The lateral support and piling design was undertaken by Southern Geotechnical Engineering. The Site is bordered by the Sinosteel Plaza (south) and The Emperor development (west), each with its own basement structures. The design of the lateral support system was especially challenging due to the size of the planned super basement and its relative closeness to the surrounding Sinosteel and The Emperor basement structures. To complicate matters further, land owners to the north and south of the new development initially withheld permissions for any lateral support elements to cross their boundary lines.
The geology of the site is rather complex with at least 3 distinctive zones that were identified in the geotechnical investigation reports namely 1) a western zone comprising weathered diabase, 2) a central zone comprising weathered granite and 3) an eastern zone (next to Rivonia Road), comprising a thick layer of diabase boulders. A perched groundwater level was encountered at an approximate depth of 10m.
The plan dimensions of the basement is around 78m by 61m, reaching a maximum excavation depth of around 12m to accommodate up to 3 basement levels.
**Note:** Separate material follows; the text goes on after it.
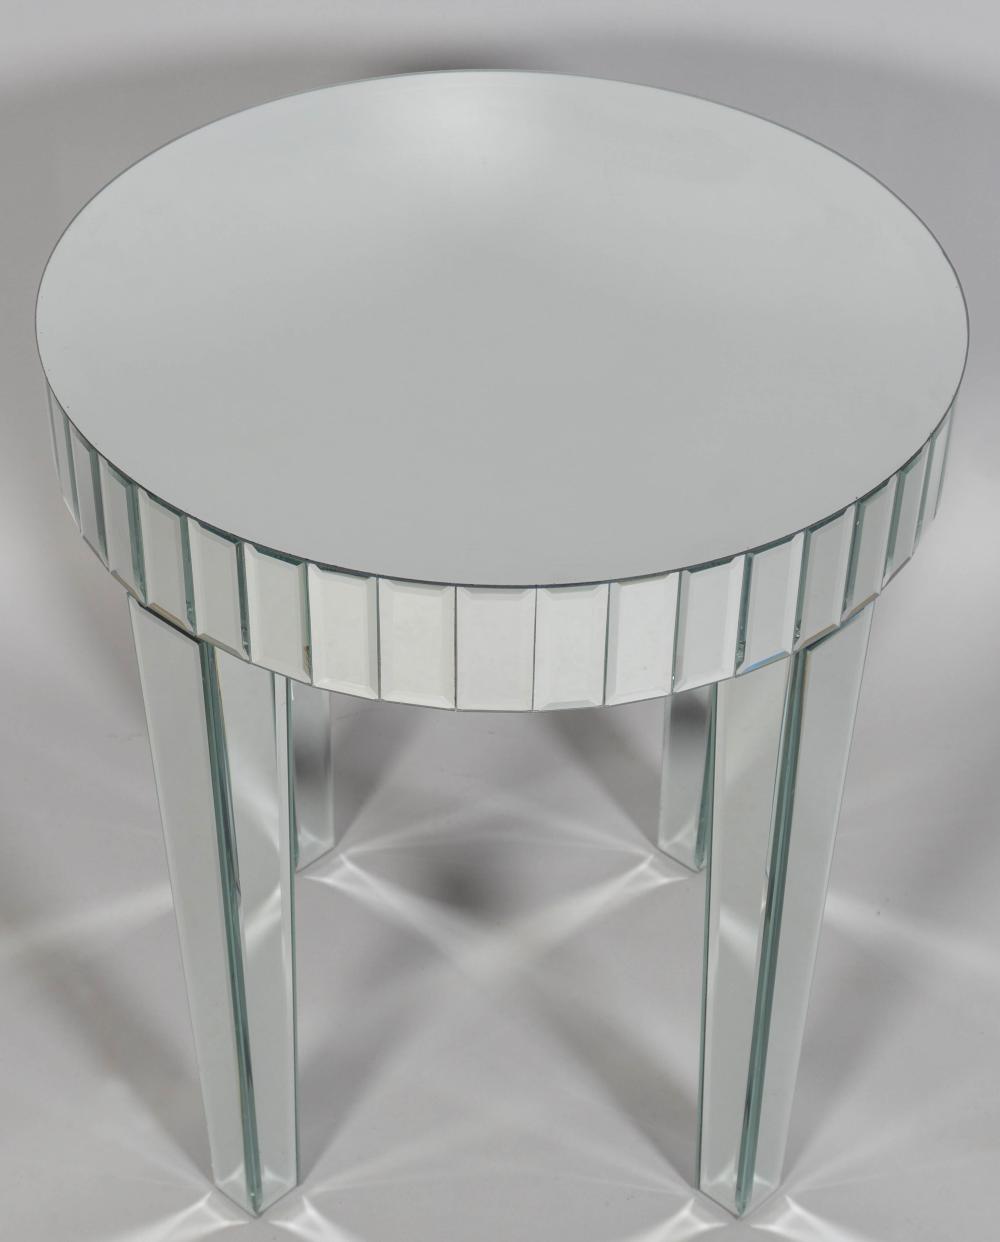 CONTEMPORARY MIRRORED SIDE TABLE 33cccc

In some areas the basement structure comprises a double volume, requiring the lateral support system to span 7m vertically.
An innovative approach to the lateral support was required to address some of the problems already discussed. As such a variety of lateral support measures were utilised namely:
The initial plan along the southern boundary, next to the existing Sinosteel basement (around 6m deep), was to utilise perimeter piles with two rows of strand anchors. Due to the presence of the adjacent basement, the upper row of anchors could only be installed at a depth of approximately 6.0m below ground level (for the anchors to be installed underneath the basement and in-between the piles supporting the basement).
It was immediately clear that the perimeter piles would be required to cantilever over a depth of around 6m (although for as very short period). This suggested that a substantial rock socket length would be required and that the piles will be subjected to very large moments. On the first day of installation of the perimeter piles, the required rock socket length could not be achieved due to the rapid hardening of the granite bedrock.
The only option that remained was to install a dense distribution of short soil nails (up to the edge of the next-door basement structure), and to consider both the soil nails and shotcrete as temporary (to be replaced by a permanent, conventional retaining wall). The situation was modelled using finite element methods which predicted movements around 40mm. Movements measured next door indicated that the existing lateral support moved around 50mm away from the existing basement structure (i.e. into the 161 Rivonia Road basement excavation). These movements have since stabilised.
Mega Pile Inland’s expertise in the construction of CFA piles were utilised to construct piles to carry column loads up to 24 500kN. Pile diameters varies from 450mm to 1100mm with average pile lengths around 10m. Piling was successfully completed within the western and central portions of the site comprising weathered diabase and weathered granite respectively.
However, the eastern portion of the site proved particularly challenging as the soil profile is riddled with rounded boulders and core stone of hard rock diabase. The initial plan was to remove the boulders (from below platform level which is situated approximately 12m below street level), backfill the over-excavation and then to pile through the backfill. This method effectively meant that the boulders within the soil matrix could be removed to a depth of around 17m to 18m below street level. However, soon after excavations commenced it was realised that even at this depth not all of the boulders/core stones could be removed. In fact, at this depth the excavator still encountered car-sized boulders !
A decision was made to revert to Odex type piling methods to penetrate through the boulder layer for founding at bedrock level located below. Mega Pile Inland is currently using rotary core borehole drilling to determine the thickness of the boulder layer and to establish the depth to a suitable founding horizon within bedrock.